Re: [PATCH 3/4] blk-mq: provide internal in-flight variant

Ming Lei <ming.lei@xxxxxxxxxx> · Fri, 4 Aug 2017 19:17:33 +0800

On Thu, Aug 03, 2017 at 02:01:55PM -0600, Jens Axboe wrote:
> We don't have to inc/dec some counter, since we can just
> iterate the tags. That makes inc/dec a noop, but means we
> have to iterate busy tags to get an in-flight count.
> 
> Signed-off-by: Jens Axboe <axboe@xxxxxxxxx>
> ---
>  block/blk-mq.c        | 24 ++++++++++++++++++++++++
>  block/blk-mq.h        |  2 ++
>  block/genhd.c         | 29 +++++++++++++++++++++++++++++
>  include/linux/genhd.h | 25 +++----------------------
>  4 files changed, 58 insertions(+), 22 deletions(-)
> 
> diff --git a/block/blk-mq.c b/block/blk-mq.c
> index 05dfa3f270ae..37035891e120 100644
> --- a/block/blk-mq.c
> +++ b/block/blk-mq.c
> @@ -86,6 +86,30 @@ static void blk_mq_hctx_clear_pending(struct blk_mq_hw_ctx *hctx,
>  	sbitmap_clear_bit(&hctx->ctx_map, ctx->index_hw);
>  }
>  
> +struct mq_inflight {
> +	struct hd_struct *part;
> +	unsigned int inflight;
> +};
> +
> +static void blk_mq_check_inflight(struct blk_mq_hw_ctx *hctx,
> +				  struct request *rq, void *priv,
> +				  bool reserved)
> +{
> +	struct mq_inflight *mi = priv;
> +
> +	if (rq->part == mi->part)
> +		mi->inflight++;
> +}
> +
> +unsigned int blk_mq_in_flight(struct request_queue *q,
> +			       struct hd_struct *part)
> +{
> +	struct mq_inflight mi = { .part = part, .inflight = 0 };
> +
> +	blk_mq_queue_tag_busy_iter(q, blk_mq_check_inflight, &mi);
> +	return mi.inflight;
> +}

IMO it might not be as efficient as per-cpu variable.

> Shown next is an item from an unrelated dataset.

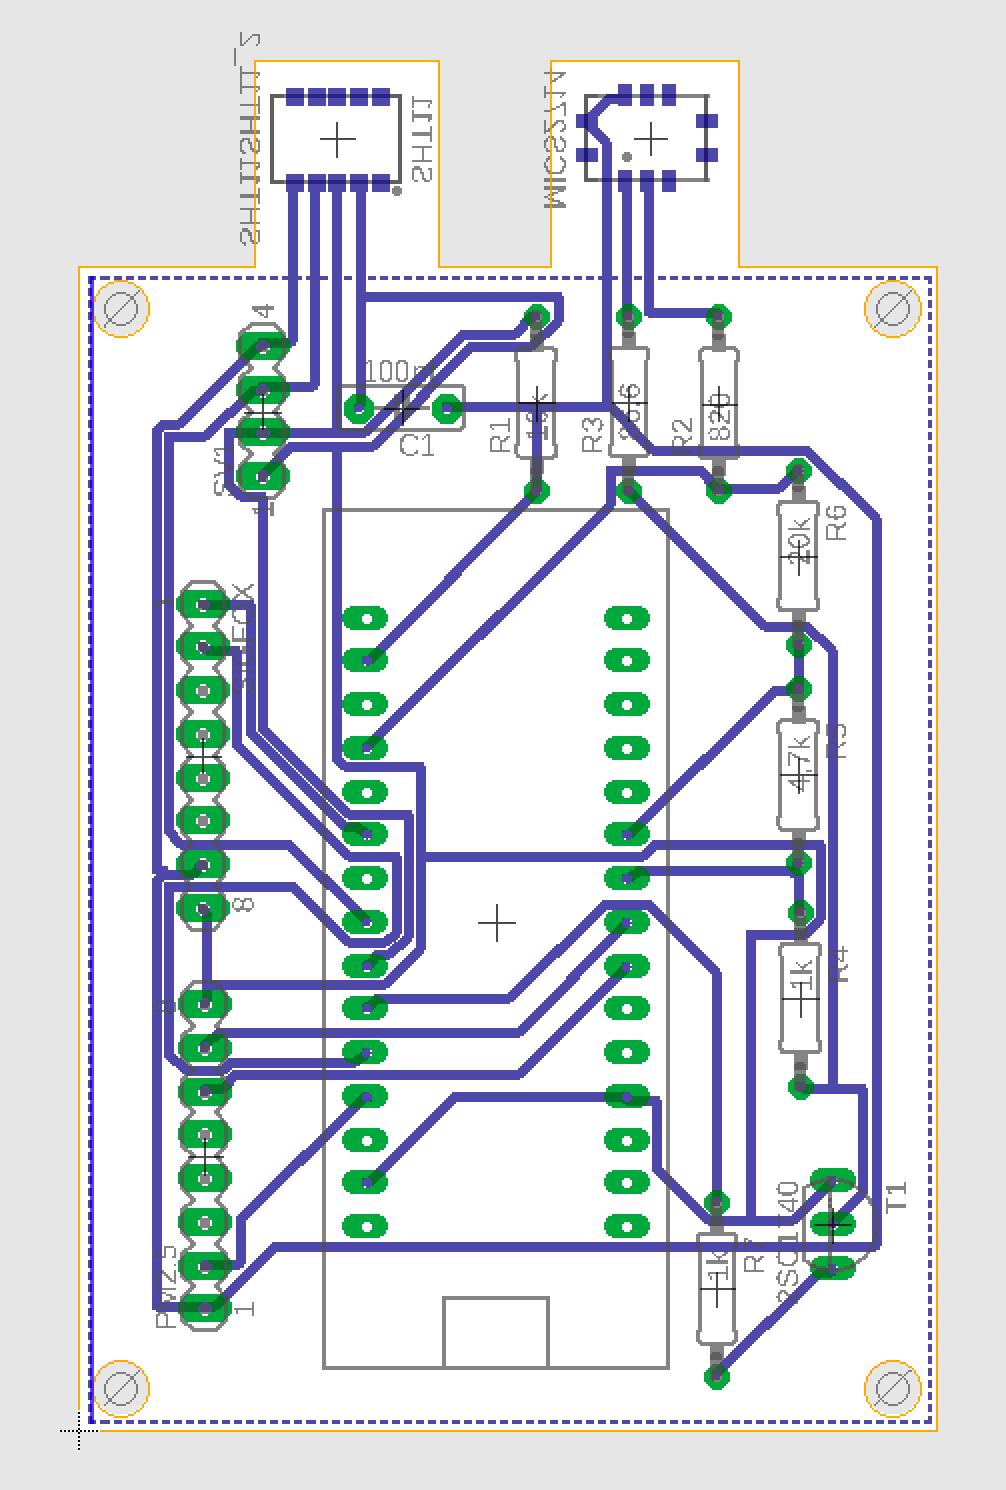 Hardware - PCB

For example, NVMe on one 128-core system, if we use percpu variable,
it is enough to read 128 local variable from each CPU for accounting
one in_flight.

But in this way of blk_mq_in_flight(), we need to do 128 
sbitmap search, and one sbitmap search need to read at least
16 words of 'unsigned long',  and total 128*16 read.

So maybe we need to compare the two approaches first.

Thanks,
Ming